Predictive regulatory models
Introduction
In applied sciences and technology, a mathematical model is one of the types of scientific models that uses some type of mathematical formalism to express relationships, substantive propositions of facts, variables, parameters, entities and relationships between variables of operations, to study behaviors of complex systems in situations that are difficult to observe in reality. The term mathematical modeling is also used in graphic design when talking about geometric models of objects in two (2D) or three dimensions (3D).
The meaning of mathematical model in philosophy of mathematics and foundations of mathematics is, however, somewhat different. Specifically, in these areas we work with "formal models." A formal model for a certain mathematical theory is a set on which a series of unary, binary and trinary relations have been defined, which satisfies the propositions derived from the set of axioms of the theory. The branch of mathematics that is responsible for systematically studying the properties of models is model theory.

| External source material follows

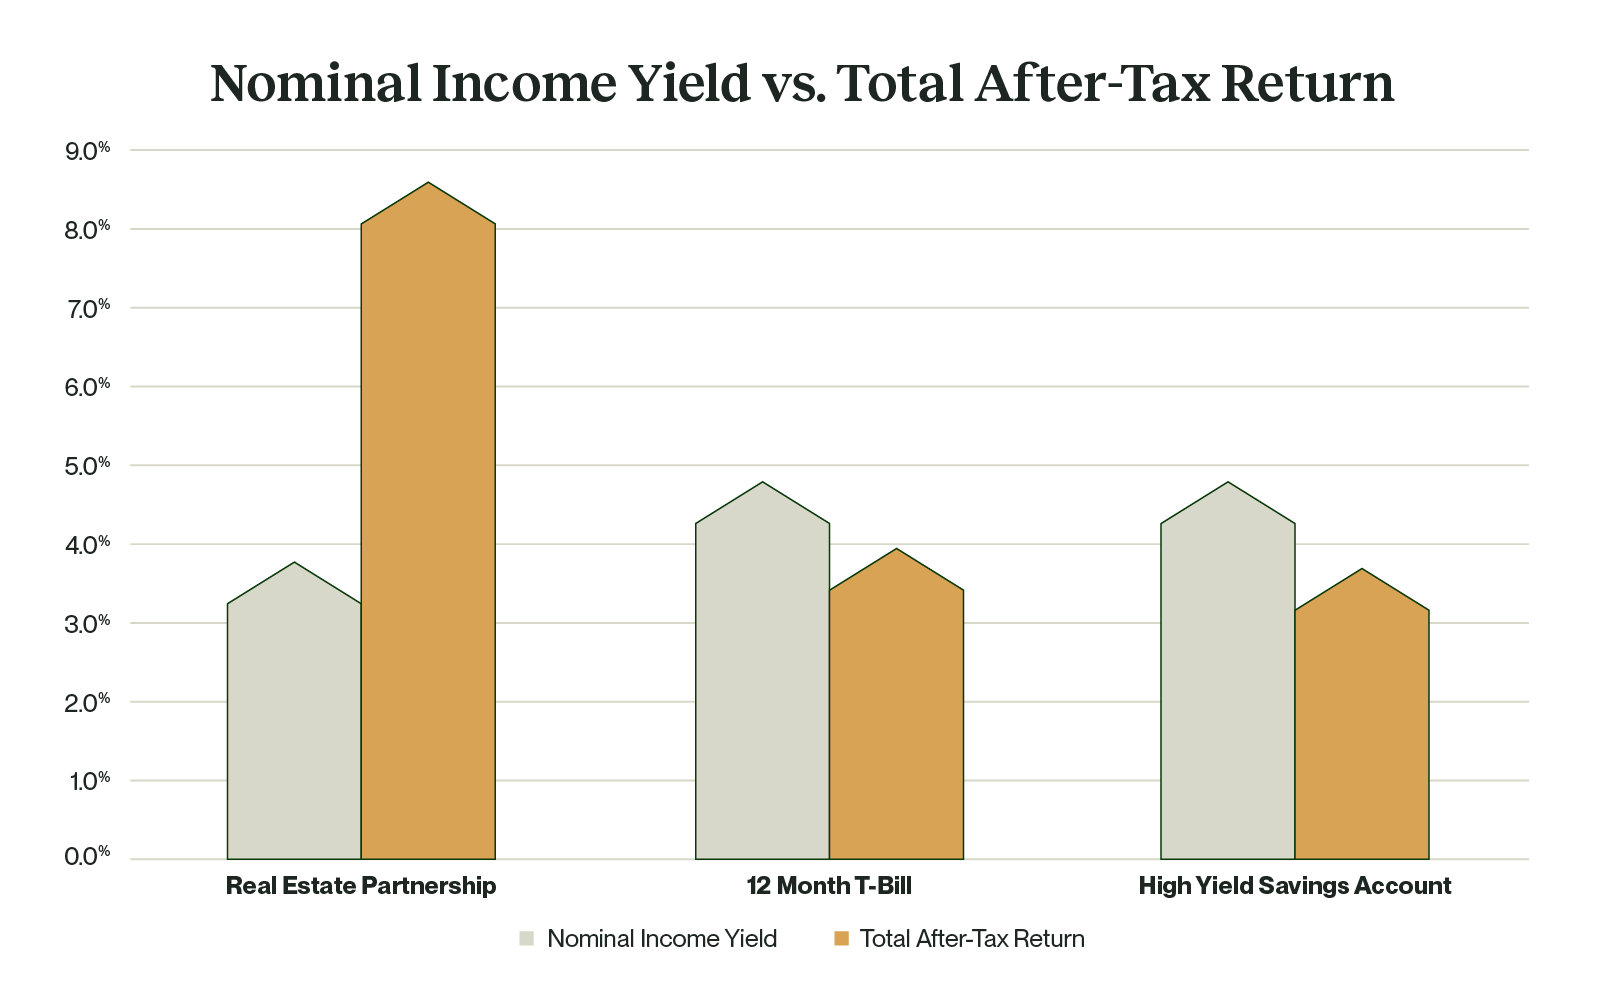 Nominal Income Yield vs. Total After-Tax Return bar graph comparing Real Estate Partnership, 12 Month T-Bill, and High Yield Savings Account

Definition, principles and general conditions
A mathematical model of an object (real phenomenon) is any simplified and idealized scheme of that object, made up of mathematical symbols and operations (relations). A mathematical model is a case of formalization that uses the most diverse instruments produced in mathematical science.[1] Furthermore, a mathematical model generally requires a description of how the modeled objects are represented within the model and, vice versa, how they interpret the model's predictions in terms of real entities.
It is worth mentioning only some general principles and conditions that these models must meet.
• - Equivalence: which is the correspondence of the model to its original. In accordance with this general principle, the modeled entities correspond to mathematical objects of the model and vice versa.
• - Objectivity: correspondence of scientific conclusions to real conditions.
• - Simplicity: models should not be saturated with secondary factors.
• - Sensitivity: the ability of the model to respond to the variation of the initial parameters.